We'll start by importing everything we need:

# Graph Neural Networks

In this tutorial, we will explore the implementation of graph neural networks and investigate what representations these networks learn. Along the way, we'll see how PyTorch Geometric and TensorBoardX can help us with constructing and training graph models.

# Preliminaries: PyTorch

We'll first download and load in a dataset (here the MNIST handwritten digits dataset) through the `DataLoader` utility:

In [0]:
BATCH_SIZE = 64

## transformations
transform = transforms.Compose([transforms.ToTensor()])
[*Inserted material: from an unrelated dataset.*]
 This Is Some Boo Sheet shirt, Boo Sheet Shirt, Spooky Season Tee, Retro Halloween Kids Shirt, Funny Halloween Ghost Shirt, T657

## download and load training dataset
trainset = torchvision.datasets.MNIST(root='./data', train=True,
                                        download=True, transform=transform)
trainloader = torch.utils.data.DataLoader(trainset, batch_size=BATCH_SIZE,
                                          shuffle=True, num_workers=2)
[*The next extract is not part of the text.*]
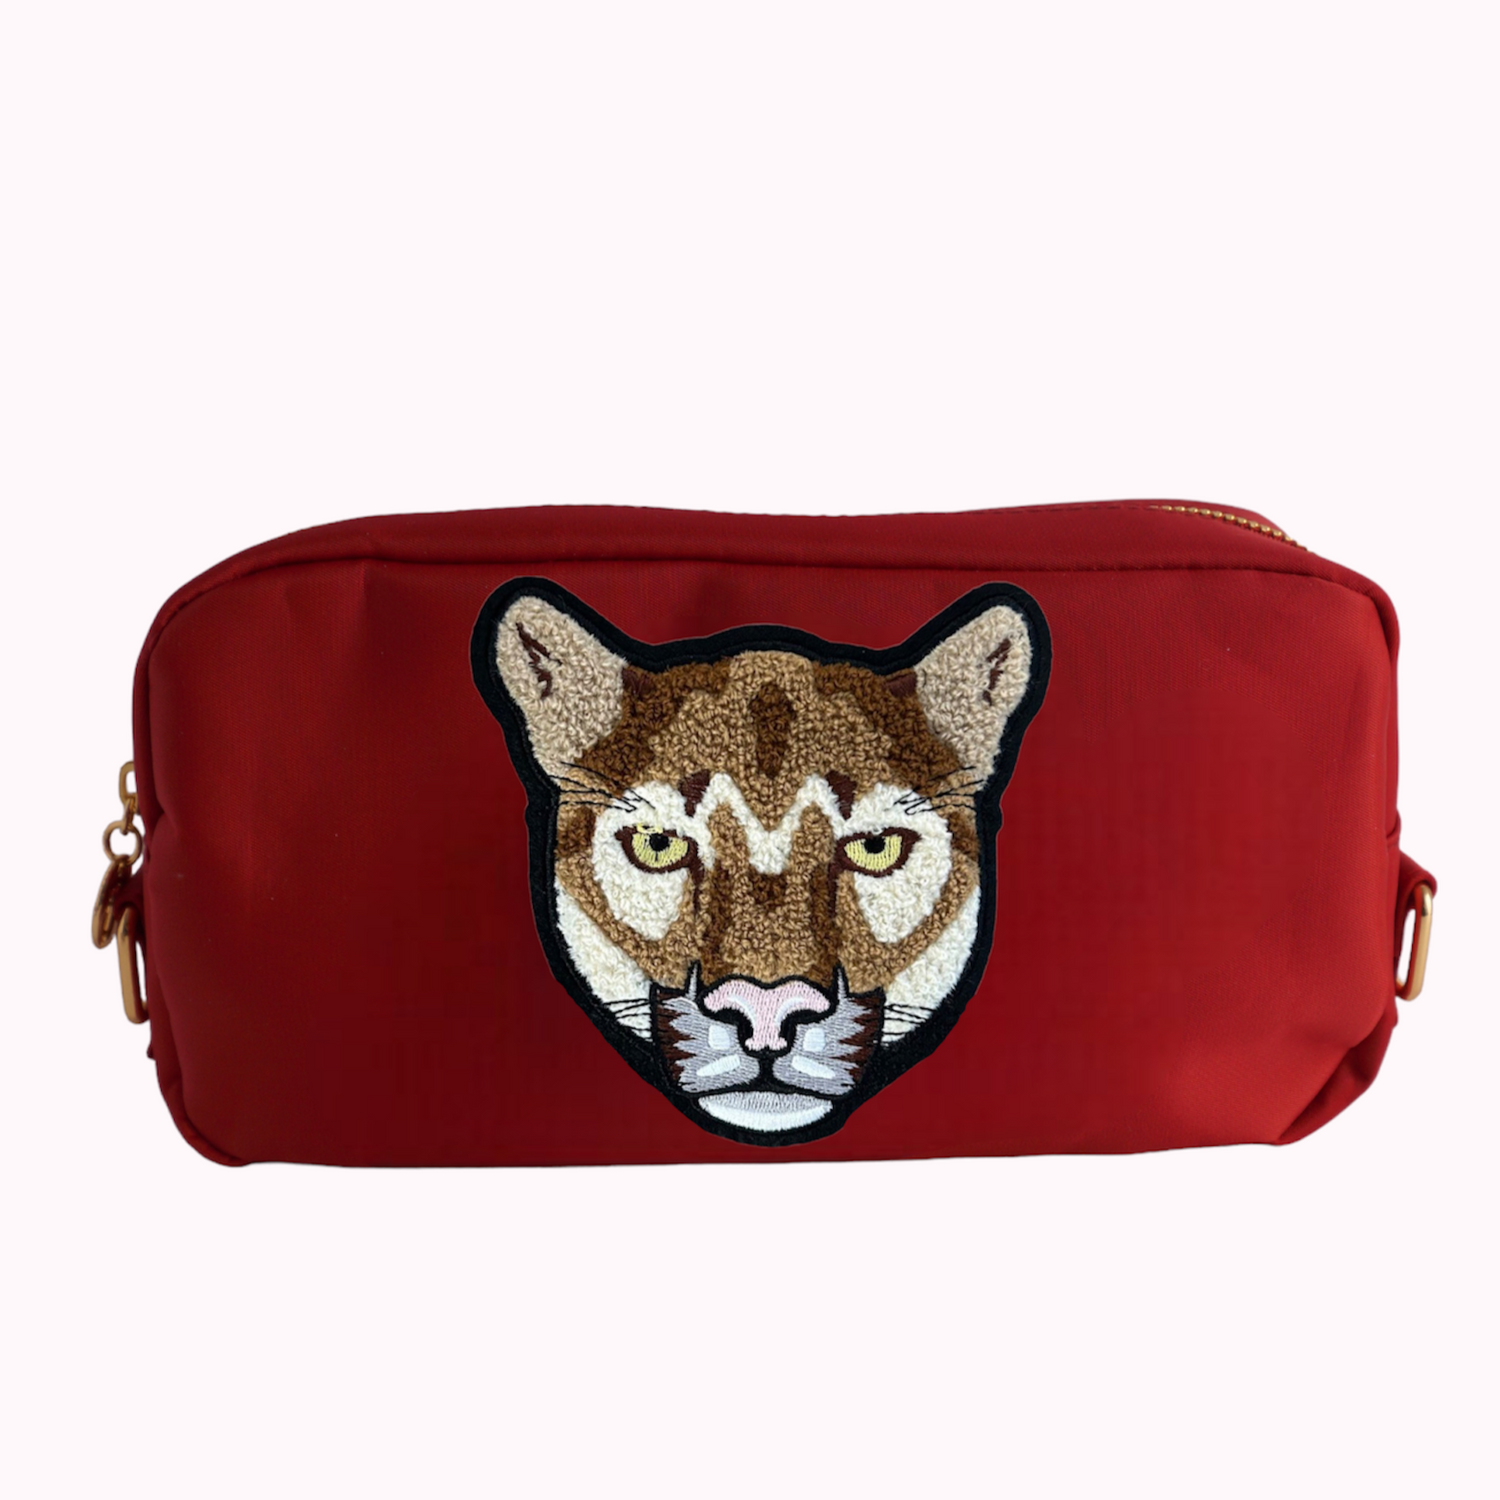 Crimson medium crossbody bag with cougar patch.

## download and load testing dataset
testset = torchvision.datasets.MNIST(root='./data', train=False,
                                       download=True, transform=transform)
testloader = torch.utils.data.DataLoader(testset, batch_size=BATCH_SIZE,
                                         shuffle=False, num_workers=2)

In [0]:
print(len(trainset))
print(trainset[10])

Our goal here will be to train a model to classify digits based on their pictures. Let's define the model we'll use for this task, which will consist of a convolutional layer followed by two fully-connected layers. Our model is a subclass of `nn.Module`; modules must implement a `forward()` function which defines exactly what operations get applied to the inputted data.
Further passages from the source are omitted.